While the works are generally regarded as a reference for humanity, a 2012 news article intimates that de Bruyckere does at least consider the beauty of the horse, in and of itself, in her work. “The body of the horse, it is close to us – but not too close. We like it, we see it everywhere. It is one of the best friends of human beings. And it has such a beauty and such a mind.”[1] Elsewhere, deBruyckere was quoted as saying of the horses, “Once the veterinary students are finished with these bodies they go to the incinerator; it’s as though I could not accept this, couldn’t let it happen, so I took them with me and made something beautiful from them. That is how people should view them, not as dead flesh or meat, but as something living.”[2]

De Bruyckere grew up in Ghent, where her father was a butcher, a fact that she acknowledges has influenced her work. While this may at first seem a vague connection, it is worth remembering that horse meat is part of the culinary tradition of Belgium, so it would have been sure to feature in the family butcher shop. This fact adds an additional layer of complexity to de Bruyckere’s work, which may not be easily comprehensible within a culture where the eating of horses is largely taboo. The linking of the horse with the human in that context, then, takes on a much more nuanced, and even difficult, meaning.

Where the horse skins come from also seems to matter to visitors, as evidenced by the issue being addressed by the label in the AGSA exhibit – in fact one journalist overheard a gallery attendant at de Bruckyere’s Australian Centre for Contemporary Art 2012 show telling a visitor that the artists acquaints herself with the still-living horses, and waits for them to die of natural causes before collecting their hides.[3] Whether this fallacy was invented by the attendant or the gallery, and for what reasons, we are not told, but clearly, people consider more than just the human when looking at these works. 

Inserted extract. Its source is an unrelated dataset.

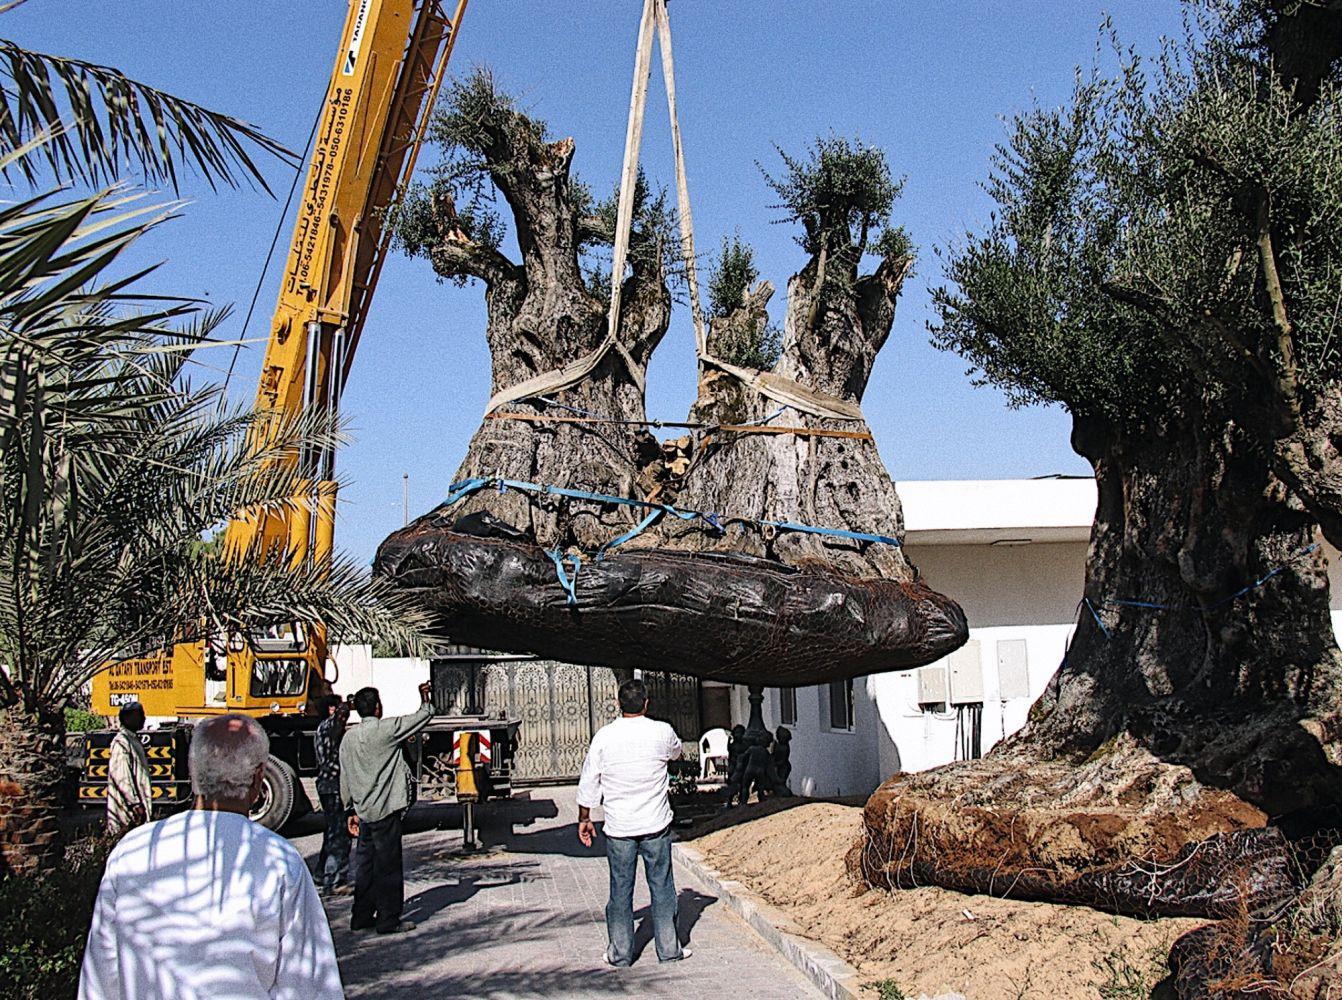 Chantier à Dubai. Plantations d'oliviers mi
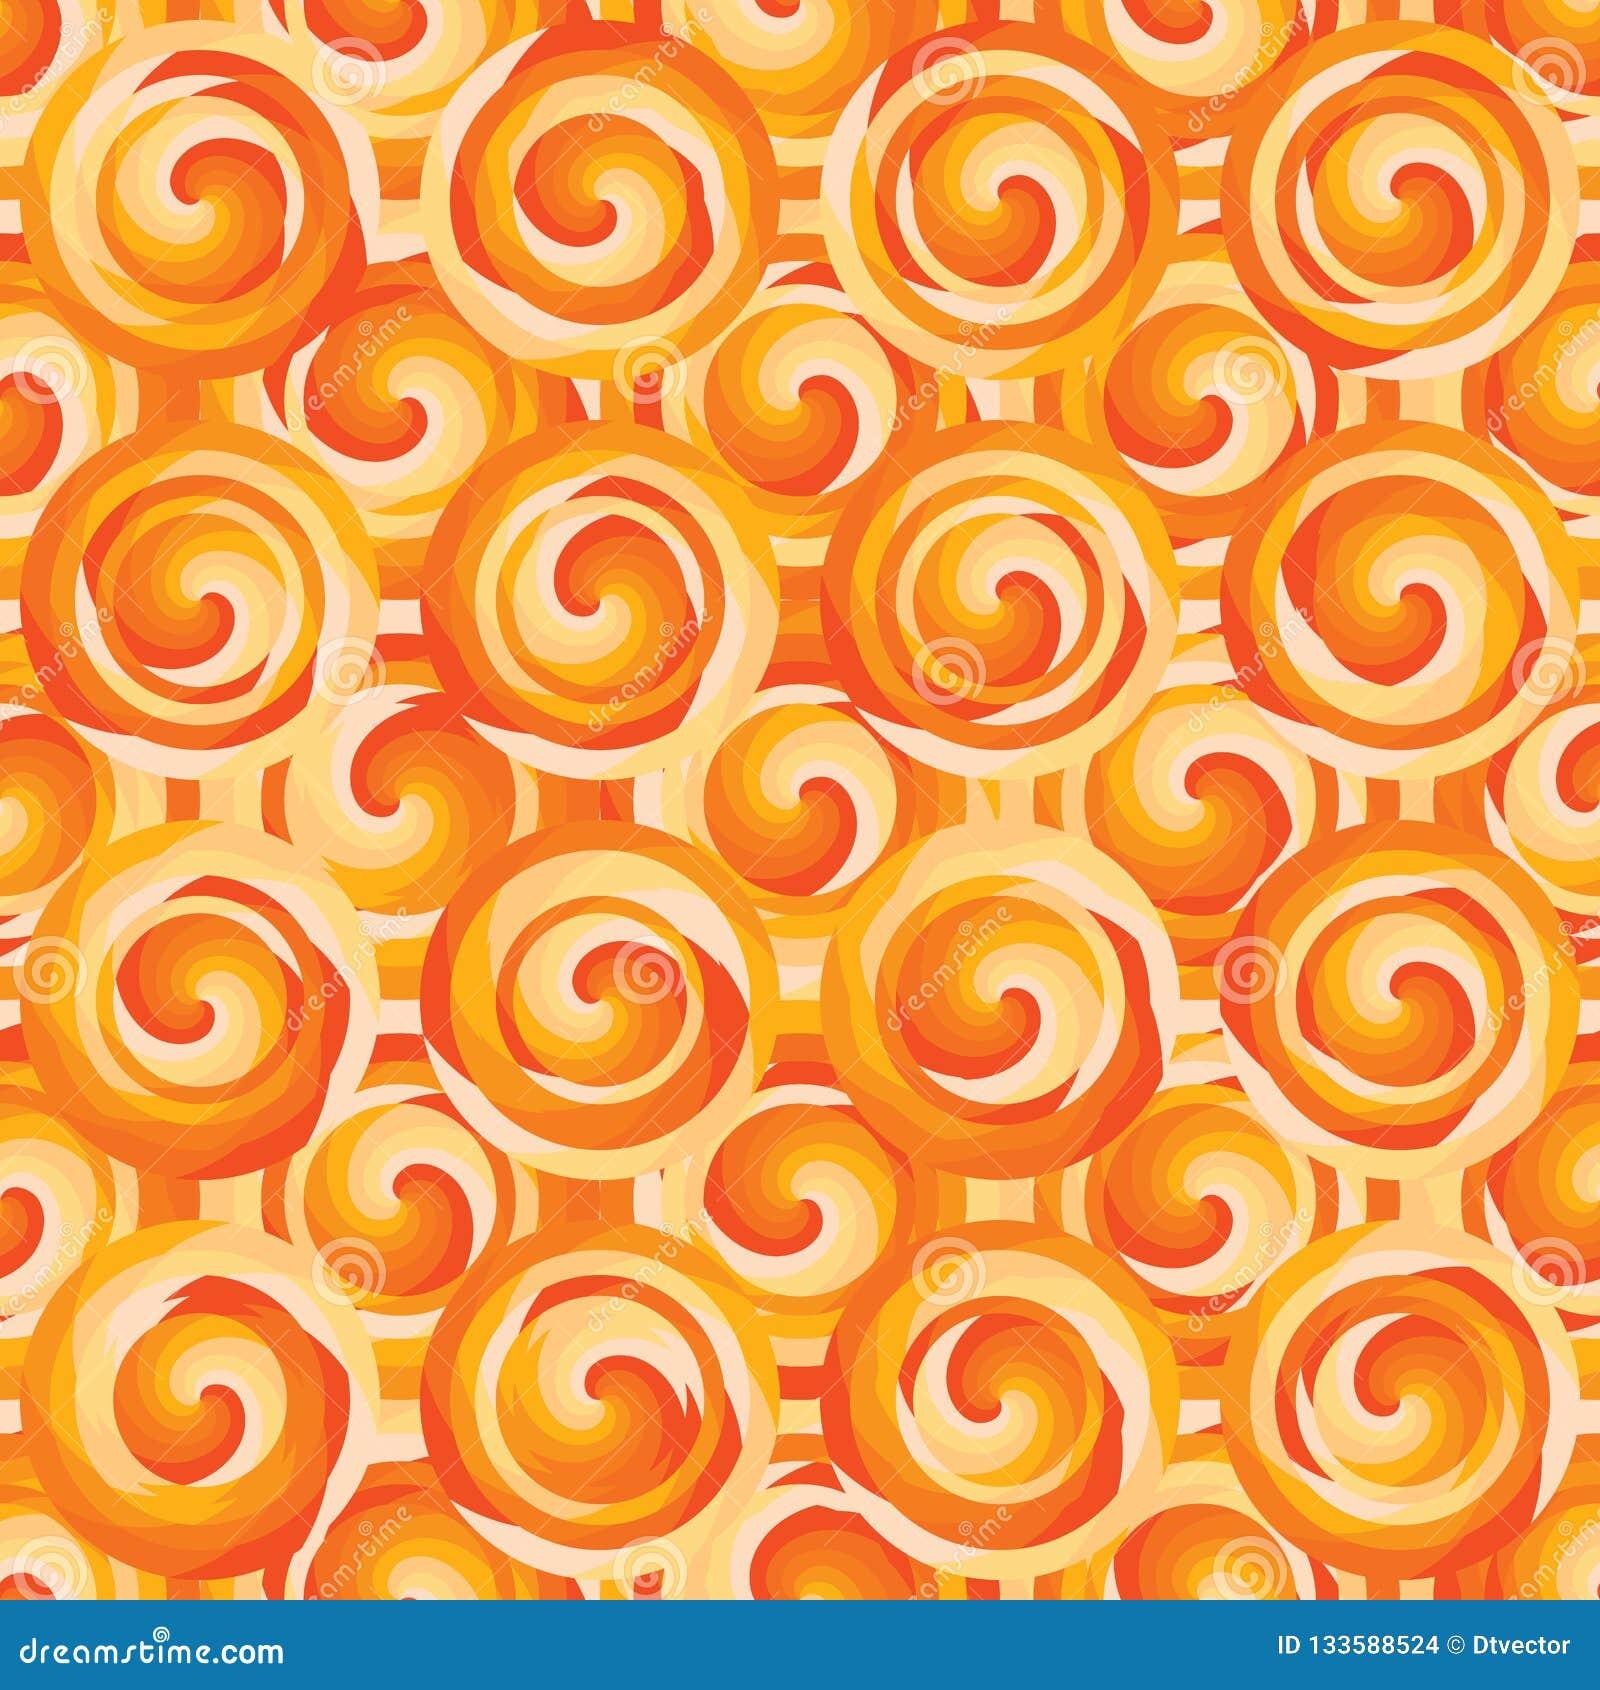 Van de de cirkellaag van de cirkelwerveling oranje de symmetrie naadloos patroon

Lots of people, better qualified than I, have written about de Bruyckere’s art. While it makes me ponder the equine condition more than the human one, she herself has said that “certainty gives you nothing to say” [4], and so perhaps that is okay.



[1] Andrew Stephens, “Works born of bloodied memory”, The Age, June 2 2012, 

[2] Alexandra Coghlan, “In the flesh”, The Monthly no. 80, July 2012.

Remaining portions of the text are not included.